FSSA Art Gallery Gets Turned into Wellness Center

The FSSA Susan Benedetto Art Gallery was recently turned into the FSSA Wellness Center.

When one thinks of Art majors in FSSA (Frank Sinatra School of The Arts) the first thing that comes to mind is the annual Senior Art Shows that occur in the spring. But now that the space once used for the fine art students has become a Wellness Center, where does this leave the art exhibitions?

The handful of gallery openings that occur in the month of May span across each weekend during the final performances and festivals of the school year. The art exhibitions have always taken place in the Susan Benedetto Gallery, (dedicated to Tony Bennett’s wife) on the third floor.

The room to most of the art majors is seen as a hub of creative freedom. For their first three years as students, fine art majors are left to imagine how they will approach having control of every aspect of the gallery in their final months as high school students. 

The art students at FSSA have always felt a bit neglected when it comes to showcasing their artwork. For years, art galleries (really just hanging art in the atrium) occurred for the sole purpose of giving audience members of the performances in the Tony Bennett Concert hall something to do during show intermissions. For every flyer of a performance or festival, art galleries are mentioned in thin, small font, bordering the bold letters that detail the “true” highlight of the evening.

However, the school has changed some aspects of the fine art experience. In 2016, it offered the art department the 1st floor Black Box Theatre to be a space for art presentations during the annual Winter Concert.

The Winter Art Show is open before the concert begins and during intermission. It is curated solely by the art teachers, and only a select collection of works get presented to fit all of the art classes in one room.
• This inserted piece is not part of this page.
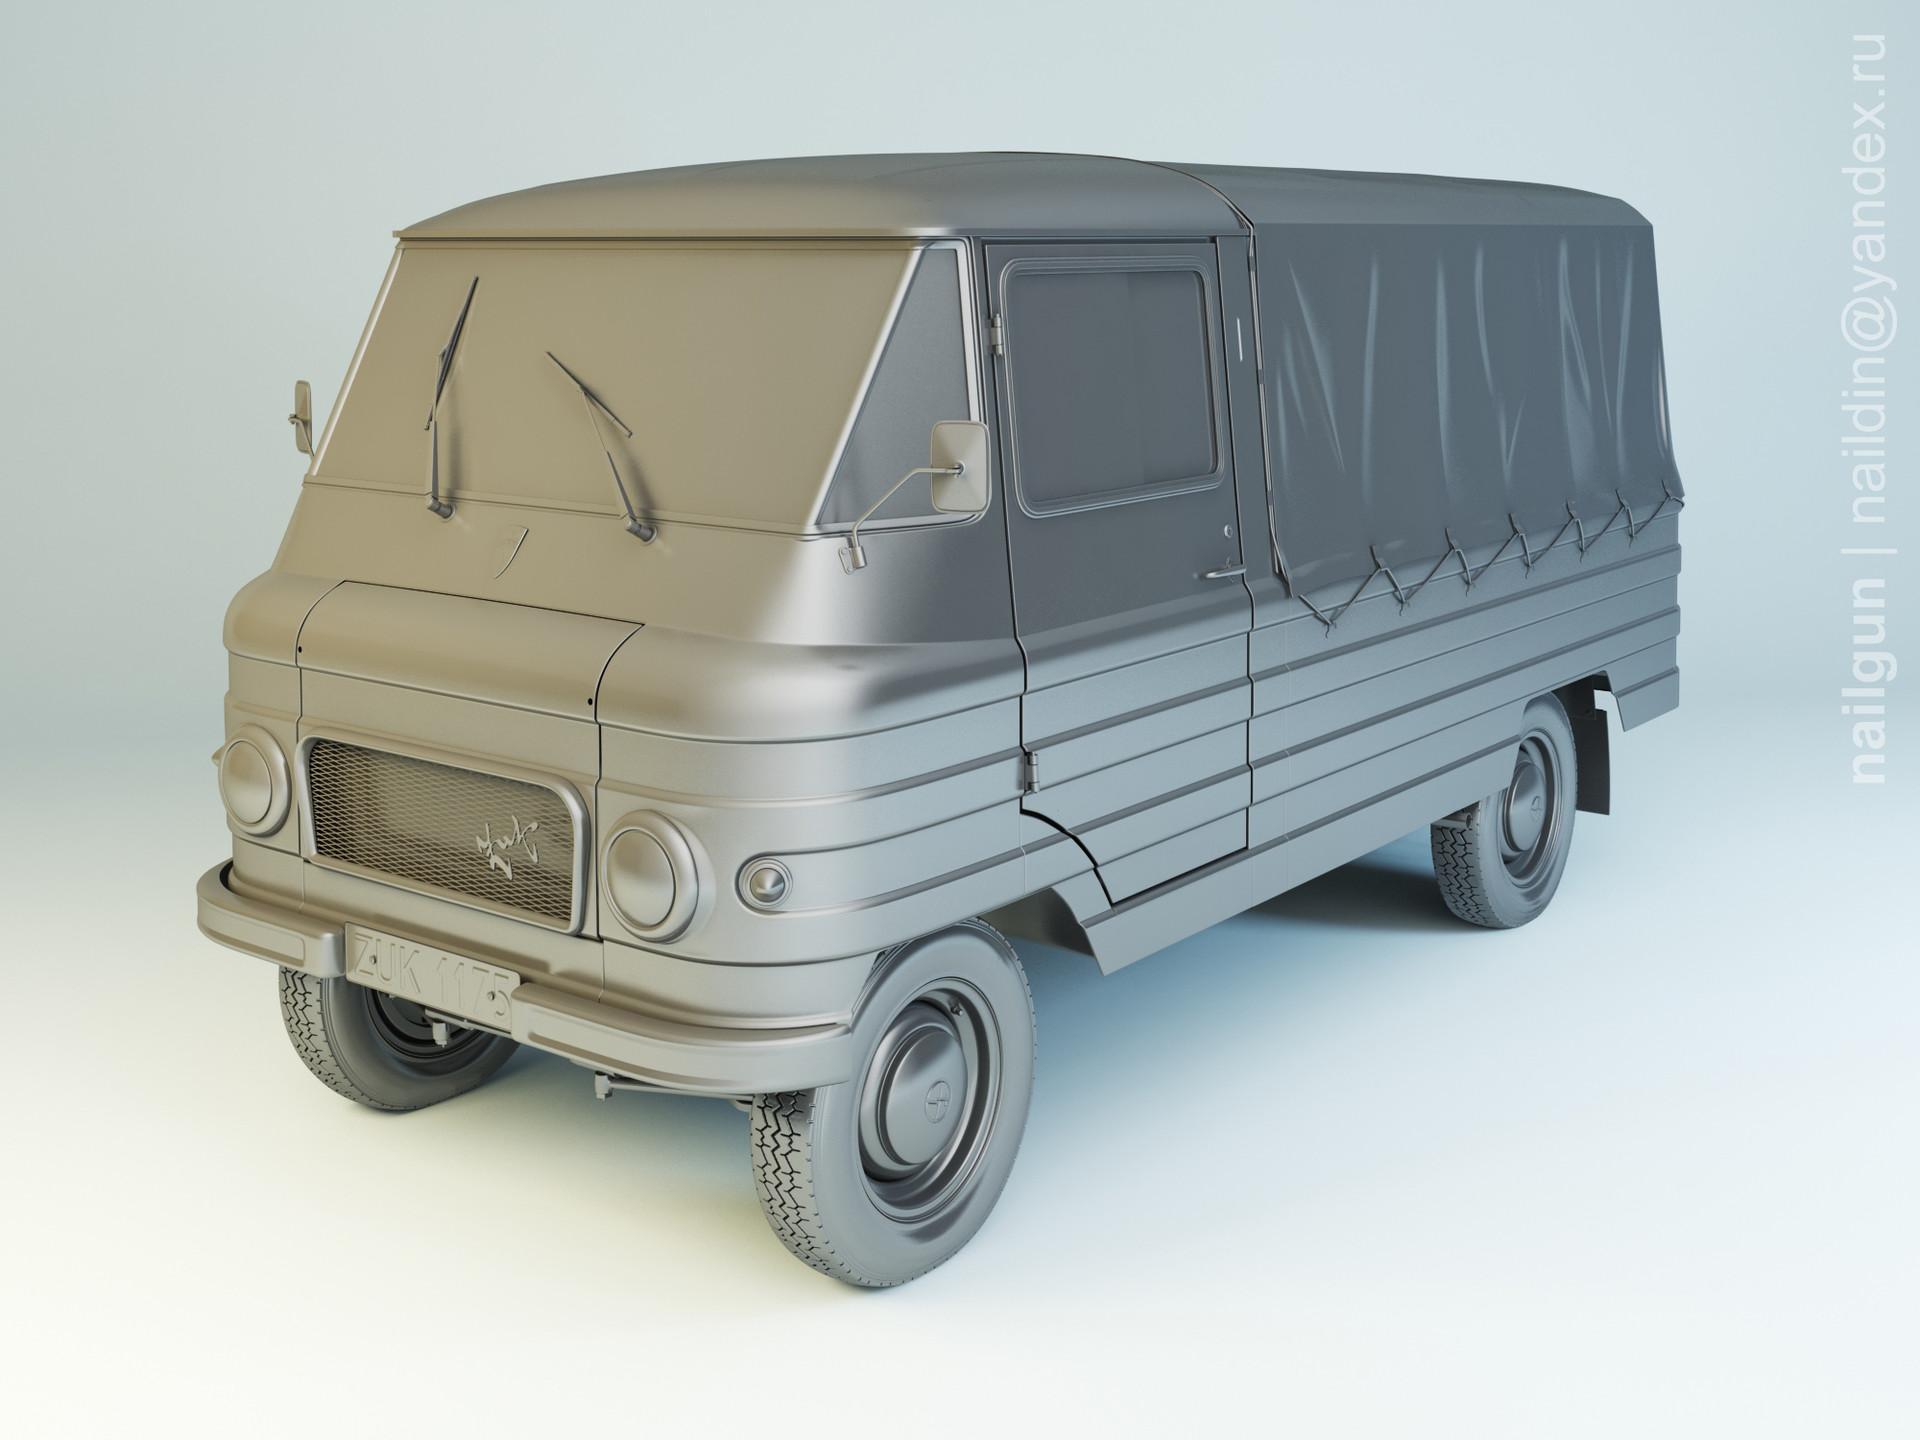 Nail khusnutdinov als 179 001 zuk a03 modelling 0

This is why the Senior Art Galleries in the spring are idolized. It’s curated by the artists themselves. Students get to group with like-minded peers in their classes to design the flow and organization of the room. There is a wide range of possible artworks to showcase. Art Majors get to put whatever they are most proud of up on the orange walls. 

But, as of September 2018, the art gallery in dedication to Susan Benedetto, has been transformed into a Wellness Center, in response to the new wave of NYC public schools creating safe spaces for students.

Ms. Pridgen, FSSA’s assistant principal of guidance, says the need for a wellness center was made clear over the last few years because of the needs of the students.

“The wellness center was very much needed in terms of increasing the wellness of our students because students come here [to guidance] all the time in crisis, having anxiety attacks, upset, but there’s some that won’t come in seeking help because the guidance suite has so many kids in here for different reasons, especially for college applications, or papers, so now they’ve got a place to go. They don’t have to be afraid,” she said.

Ms. Pridgen adds that it was important to have a place for students to de-escalate and be able to relax and just come back to a point where they can go back to class.

“This room was needed based on the number of cases where students were in crisis. There’s always someone there, everyday, every period for students to go to. It’s really impacted the school community in a positive way,” she said.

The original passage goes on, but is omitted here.